[Git][ghc/ghc][wip/T23536-teo] Make template-haskell a stage1 package

Teo Camarasu (@teo) gitlab at gitlab.haskell.org
Wed Apr 10 13:21:51 UTC 2024



Teo Camarasu pushed to branch wip/T23536-teo at Glasgow Haskell Compiler / GHC


Commits:
d2a7ca25 by Teo Camarasu at 2024-04-10T14:21:32+01:00
Make template-haskell a stage1 package

Promoting template-haskell from a stage0 to a stage1 package means that
we can much more easily refactor template-haskell.

We implement this by vendoring the in-tree `template-haskell` into
`ghc-boot` thus allowing `stage1:ghc` to depend on the new interface of
the library including the `Binary` instances.

This is controlled by a `bootstrap-th` cabal flag on `ghc-boot`.

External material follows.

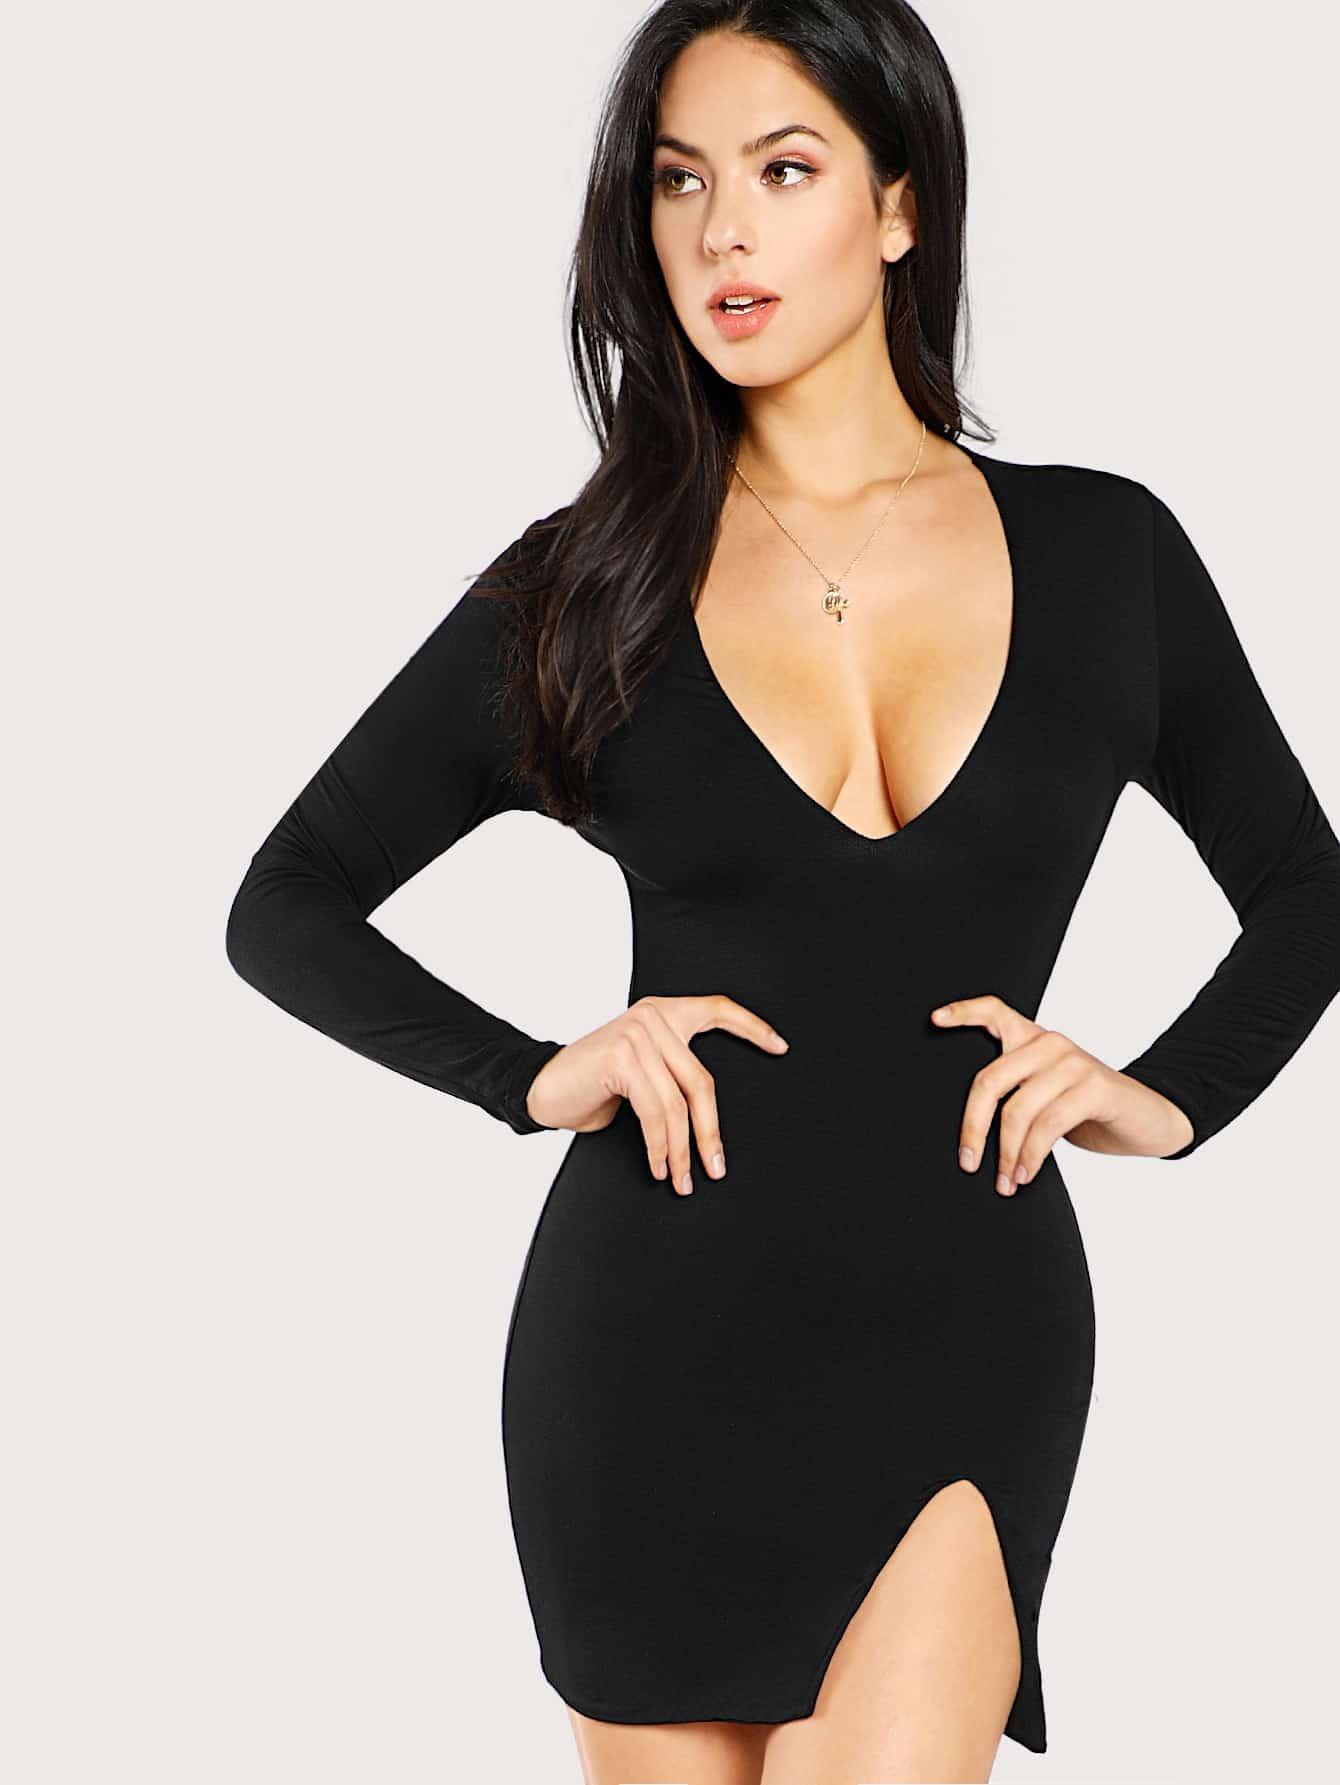 Slit Front Form Fit Dress dressmmc171106702

When building `template-haskell` modules as part of this vendoring we do
not have access to quote syntax, so we cannot use variable quote
notation (`'Just`). So we either replace these with hand-written `Name`s
or hide the code behind CPP.

We can remove the `th_hack` from hadrian, which was required when
building stage0 packages using the in-tree `template-haskell` library.

For more details see Note [Bootstrapping Template Haskell].

Resolves #23536

Co-Authored-By: Sebastian Graf <sgraf1337 at gmail.com>

- - - - -


11 changed files:

- compiler/GHC/Tc/Gen/Splice.hs
- compiler/ghc.cabal.in
- hadrian/src/Rules/Dependencies.hs
- hadrian/src/Rules/ToolArgs.hs
- hadrian/src/Settings/Default.hs
- hadrian/src/Settings/Packages.hs
- libraries/ghc-boot/ghc-boot.cabal.in
- libraries/ghci/ghci.cabal.in
- libraries/template-haskell/Language/Haskell/TH/Syntax.hs
- libraries/template-haskell/vendored-filepath/System/FilePath/Posix.hs
- libraries/template-haskell/vendored-filepath/System/FilePath/Windows.hs


Changes:

=====================================
compiler/GHC/Tc/Gen/Splice.hs
=====================================
@@ -2916,3 +2916,98 @@ tcGetInterp = do
    case hsc_interp hsc_env of
       Nothing -> liftIO $ throwIO (InstallationError "Template haskell requires a target code interpreter")
       Just i  -> pure i
+
+-- Note [Bootstrapping Template Haskell]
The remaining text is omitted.